Il giorno dopo, Leo e i due Solerti lavoravano all'impianto del palchetto per gl'invitati. I Solerti, un tantino gelosi dei fratelli Bossi, quel giorno furono più allegri e più sottomessi agli ordini di Leo, che prendeva aria d'ingegnere dando le indicazioni delle misure. Carlo scavava le buche, Eugenio e Leo piantavano prima i pali corti, poi inchiodavano ai pali strisce di legno per traverso.

L'opera ferveva quasi in silenzio.

Più tardi sopraggiunsero Gina e gli altri due fratellini usciti a passeggio con la mamma, e aiutarono anche loro nel trasporto dei tappeti per coprire lo steccatino del palchetto.
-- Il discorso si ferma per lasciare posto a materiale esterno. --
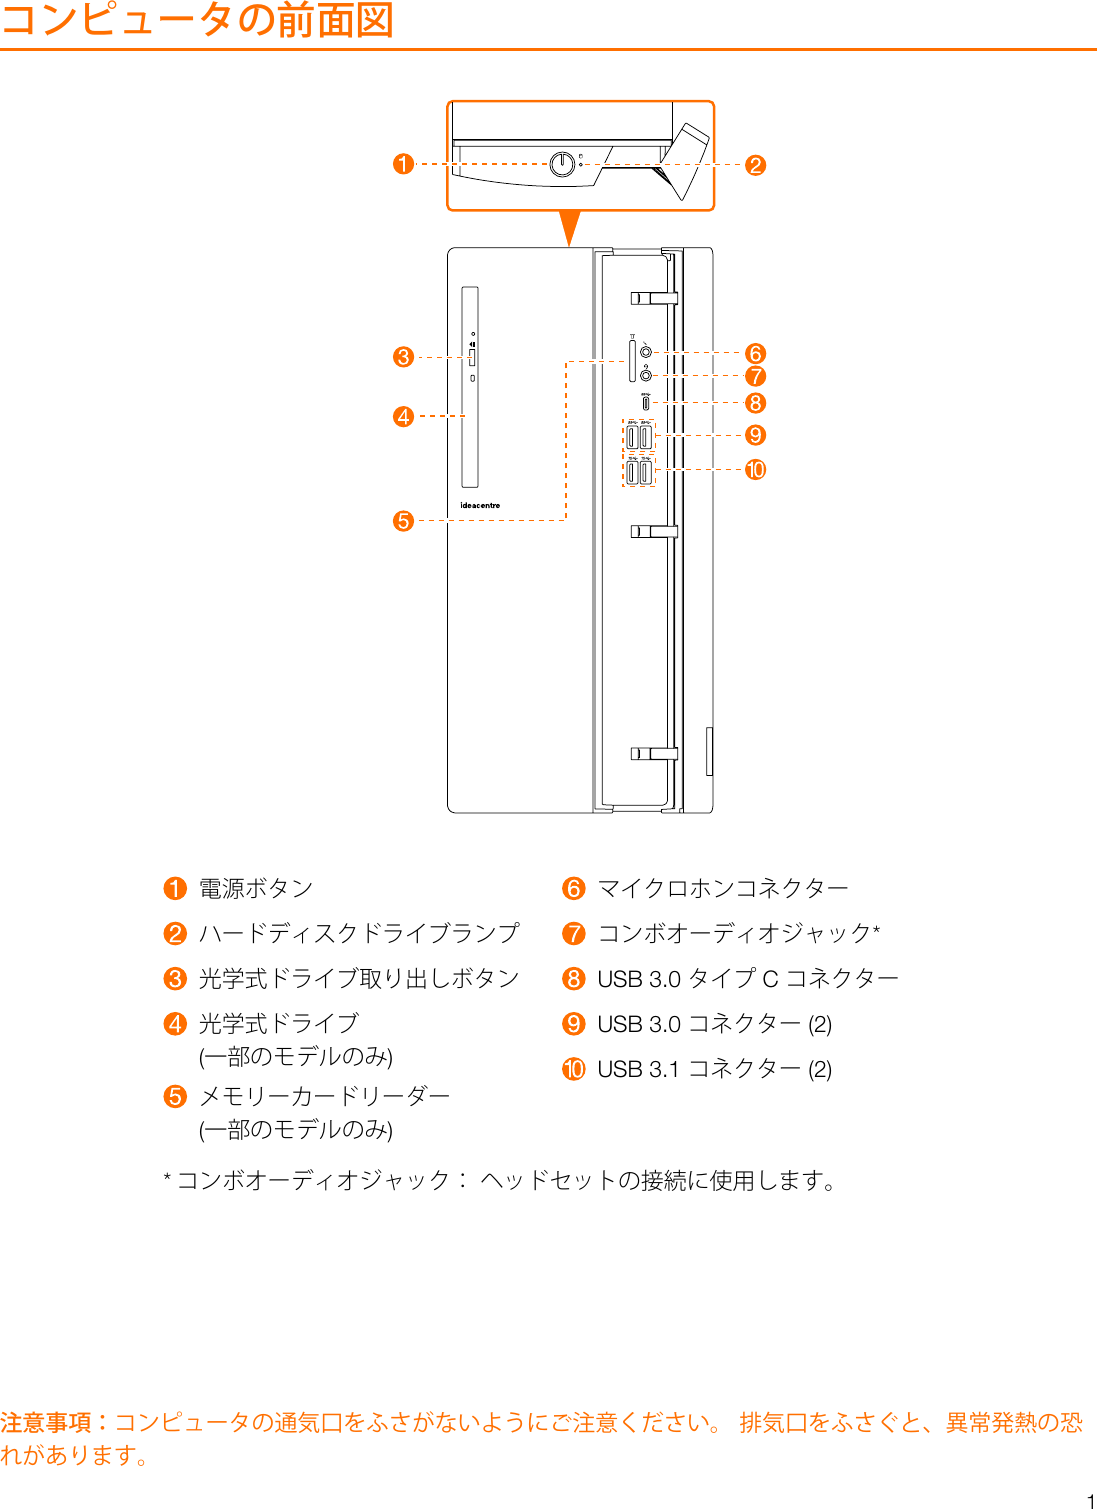 Page 2 of 8 - Lenovo  ユーザー・ガイド 510A-15ICB Desktop (ideacentre) - Type 90HV 510 510a Ug V1.0 Jp 20180509

Il centro era rimasto scoperto perchè volevano mettervi un tappeto quasi nuovo, di quelli di casa, per far meglio figura.

E quando il lavoro fu finito e ammirato sinceramente da tutti, Carlo disse:

Servirà pel re e per la regina.

 

LEO.

E gli invitati dove li metteremo? Sono parecchi.

 

EUGENIO.

Faremo così: sul davanti collocheremo due poltrone pel re e per la regina; dietro, le seggiole per gl'invitati.

 

CARLO.

Mentre non abbiamo altro da fare, potremmo trasportare e mettere al posto la statua.

 

LEO.

No, devono esserci i Bossi; l'abbiamo promesso loro.

 

CARLO

(con tono sarcastico).

Oh, senza loro non si può fare niente di buono!

 

LEO.

Tu, si sa, non li puoi patire!

 

CARLO.

Intanto, stiamo con le mani in mano.

 

LEO.

Andiamo dal babbo a chiedergli il nome per la statua, e a pregarlo di prepararci il discorso; deve scriverlo lui.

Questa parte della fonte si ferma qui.